I am happy to give specific information about specific WMAs, but I don't have the time to explain every concept in wildlife management.  My frustration is derived from the fact that you may not fully understand what you are asking for.  It's like asking a doctor to explain the intimate details of a surgical proceedure; this is a profession like any other.  If these were simple decisions to make, there would be no need for biologists.  Again, I will be happy to recommend several publications that may answer many of your questions.  Once more, if you will take the time for a face to face discussion, which I prefer, I will be happy to carry this discussion in further detail.  Some of these things are easier explained in person than on a forum.  PM me if you would like a number to reach me.


----------



## Tiger Rag (Jun 23, 2008)

Here is a simple lesson.

Deer hunters in GA:  241,971

Woody's Memebers:  19,329

If all Woody's memebers were GA deer hunters (and they are not) they would represent around 8% of the deer hunters.

# people complaining about Cedar Creek:  5 or less

# hunters on Cedar Creek last year:  3223

% complaining:  0.001%

C.Killmaster -- spend your time on something better like managing the resource like it should be managed for the good of all hunters and not for the few squeaky wheels that are going to complain whenever things do not fit neatly into their own world view.

I know from this thread that habitat has changed on Cedar Creek over the years.  I wonder if everyone's hunting strategy has changed along with it?

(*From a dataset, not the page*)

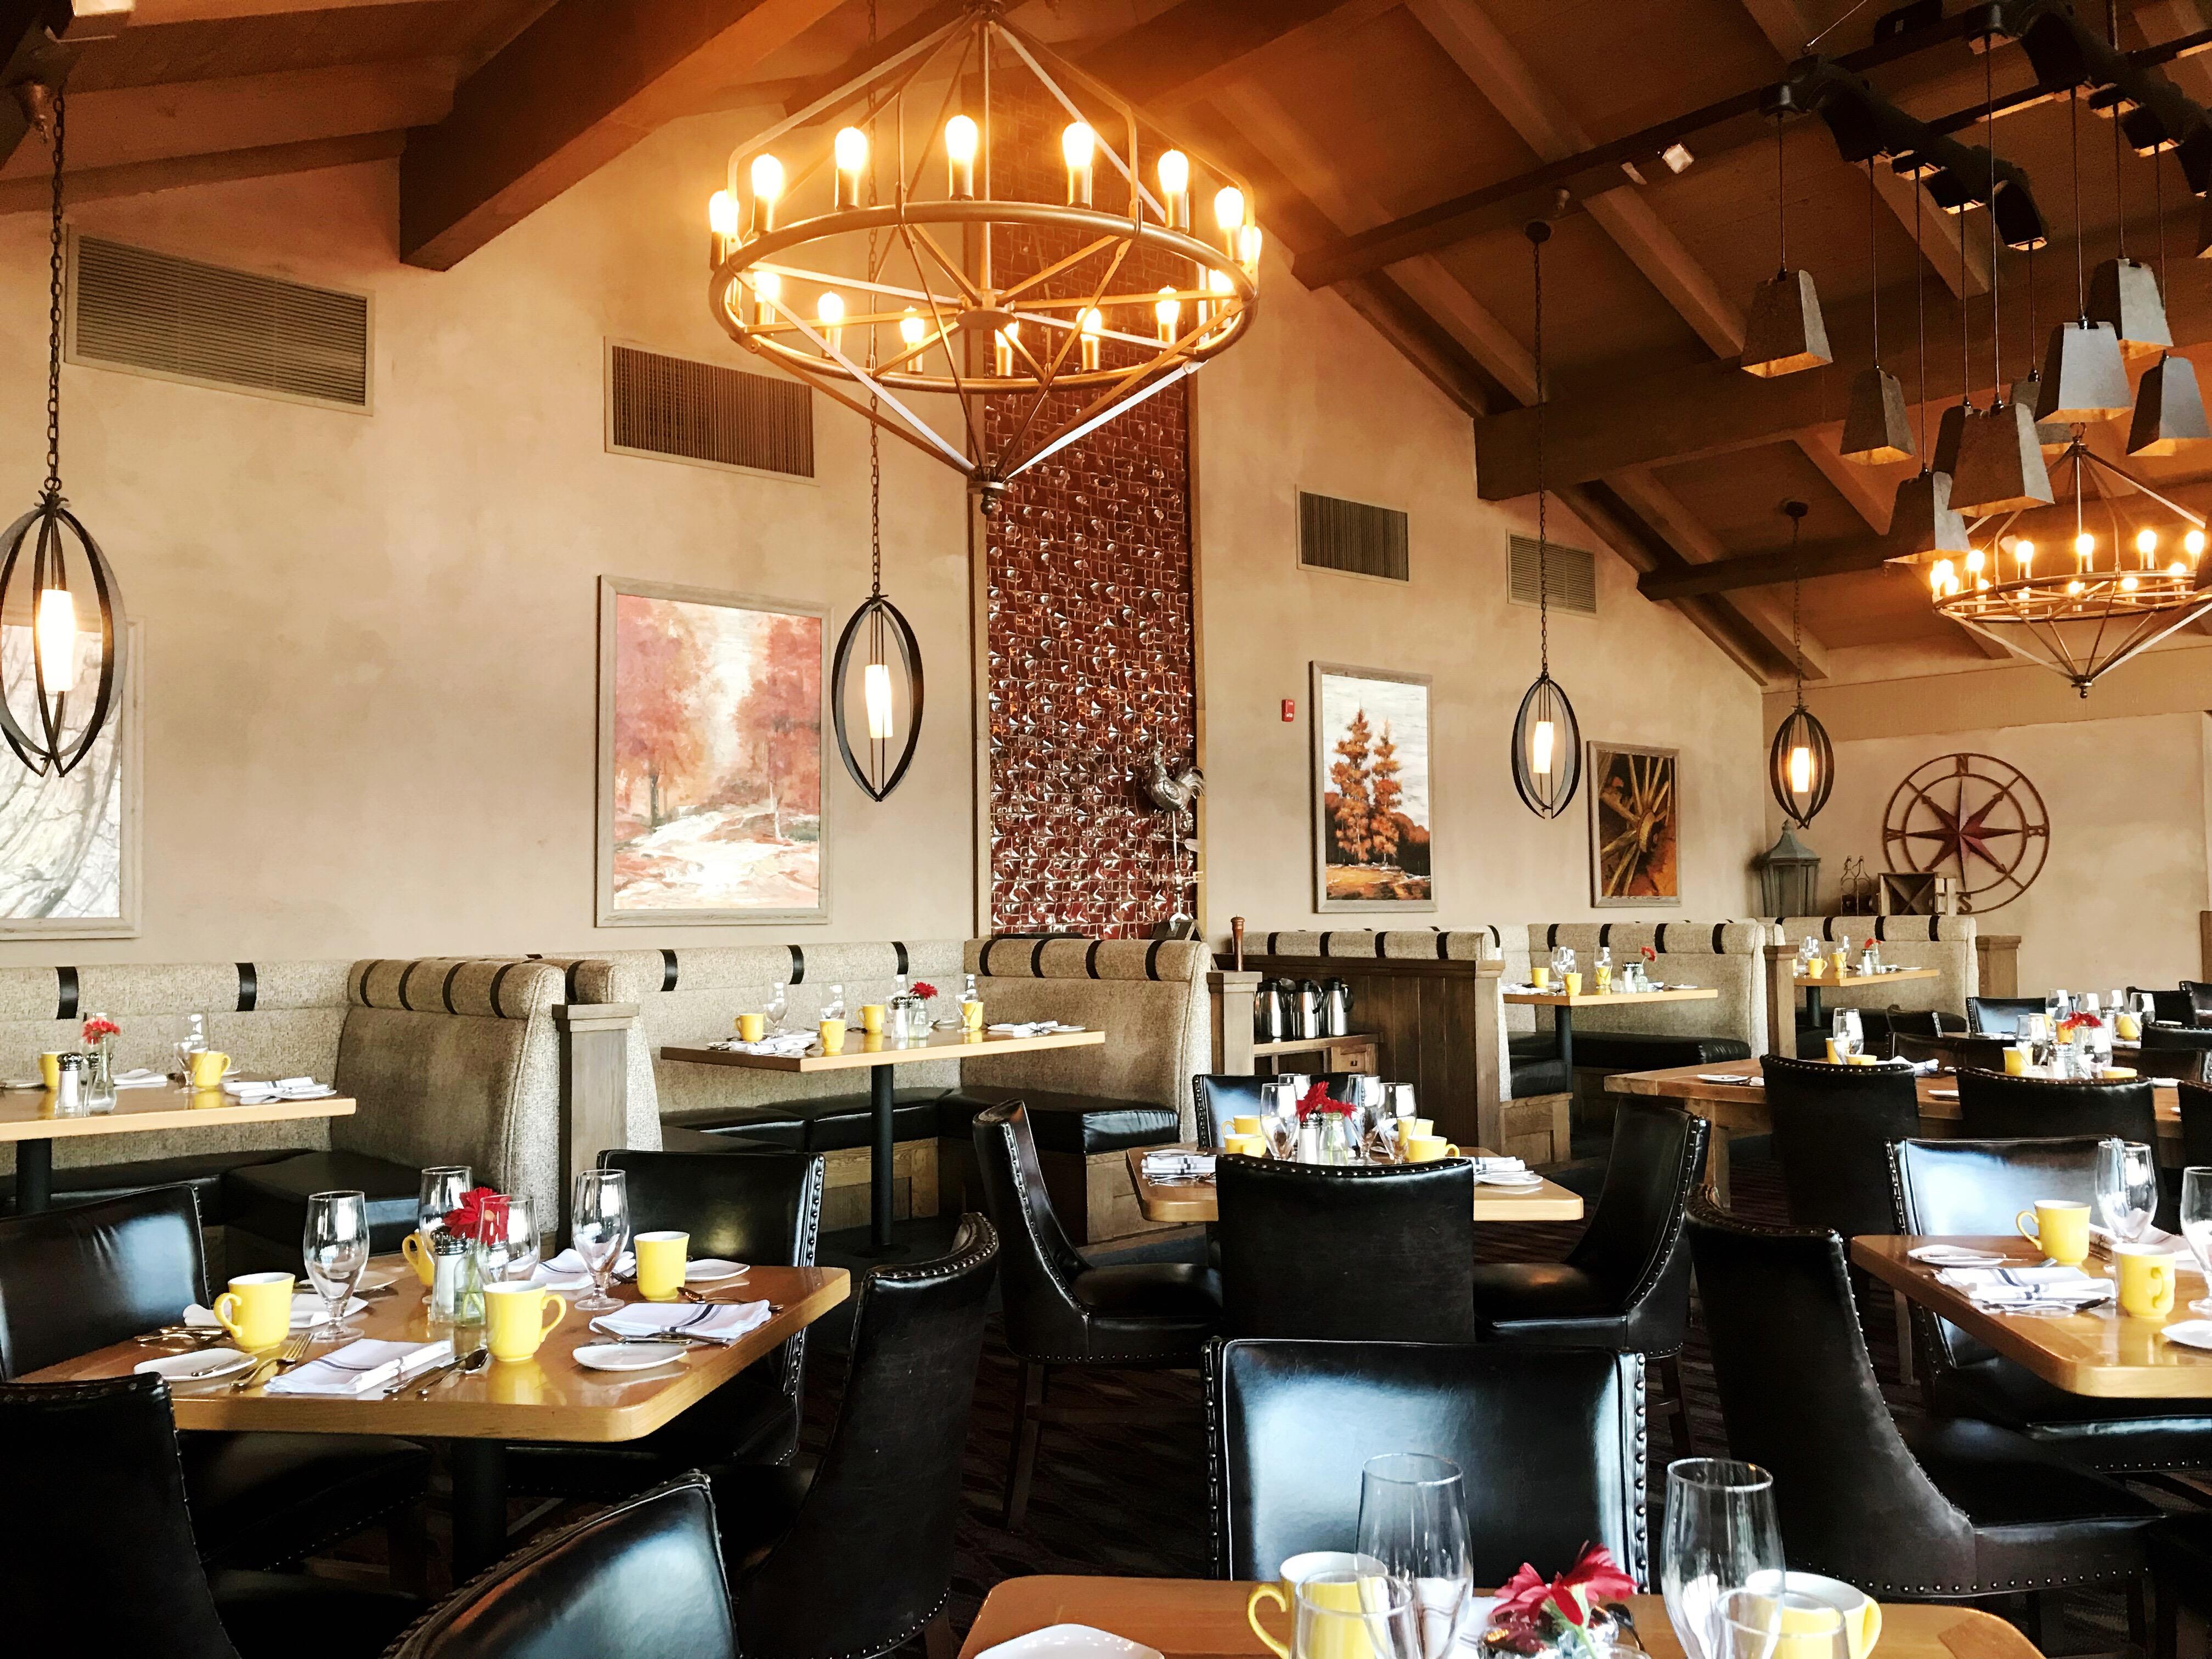 Cork Fire Kitchen Temecula Creek Inn - Simple Sojourns #TemeculaCreekInn #hotels #resorts #GolfResort #Temecula

You cannot teach a mule to speak french.


----------



## Model 11 (Jun 23, 2008)

Tiger Rag said:


> Here is a simple lesson.
> 
> Deer hunters in GA:  241,971
> 
> ...



Tiger, Have you ever hunted deer on Cedar Creek?


----------



## Model 11 (Jun 23, 2008)

C.Killmaster said:


> Model 11,
> What I am trying to explain is that there are many other factors involved with managing populations that the average hunter may not consider.  Your opinion and my opinion of how to manage Cedar Creek obviously differ.  I cannot change your mind and you cannot change mine, and there is absolutely nothing wrong with that.  I have attempted to explain how and why management decisions were made numerous times and to no avail.  I usually limit my use of this forum for dissemenating information, however, my name being mentioned on this thread encouraged me to defend my professional reputation.  I draw the line at defending well known wildlife management principles (atleast among other wildlife professionals).
> 
> I am happy to give specific information about specific WMAs, but I don't have the time to explain every concept in wildlife management.  My frustration is derived from the fact that you may not fully understand what you are asking for.  It's like asking a doctor to explain the intimate details of a surgical proceedure; this is a profession like any other.  If these were simple decisions to make, there would be no need for biologists.  Again, I will be happy to recommend several publications that may answer many of your questions.  Once more, if you will take the time for a face to face discussion, which I prefer, I will be happy to carry this discussion in further detail.  Some of these things are easier explained in person than on a forum.  PM me if you would like a number to reach me.



Mr. Killmaster, 

It was a simple request for you to expand on your comments. Not meant to "frustrate" you. Your a nice fellow and I enjoy your input so keep up the good work. From now on I'll refer to the management of Cedar Creek as being done by DNR. Not you specifically. 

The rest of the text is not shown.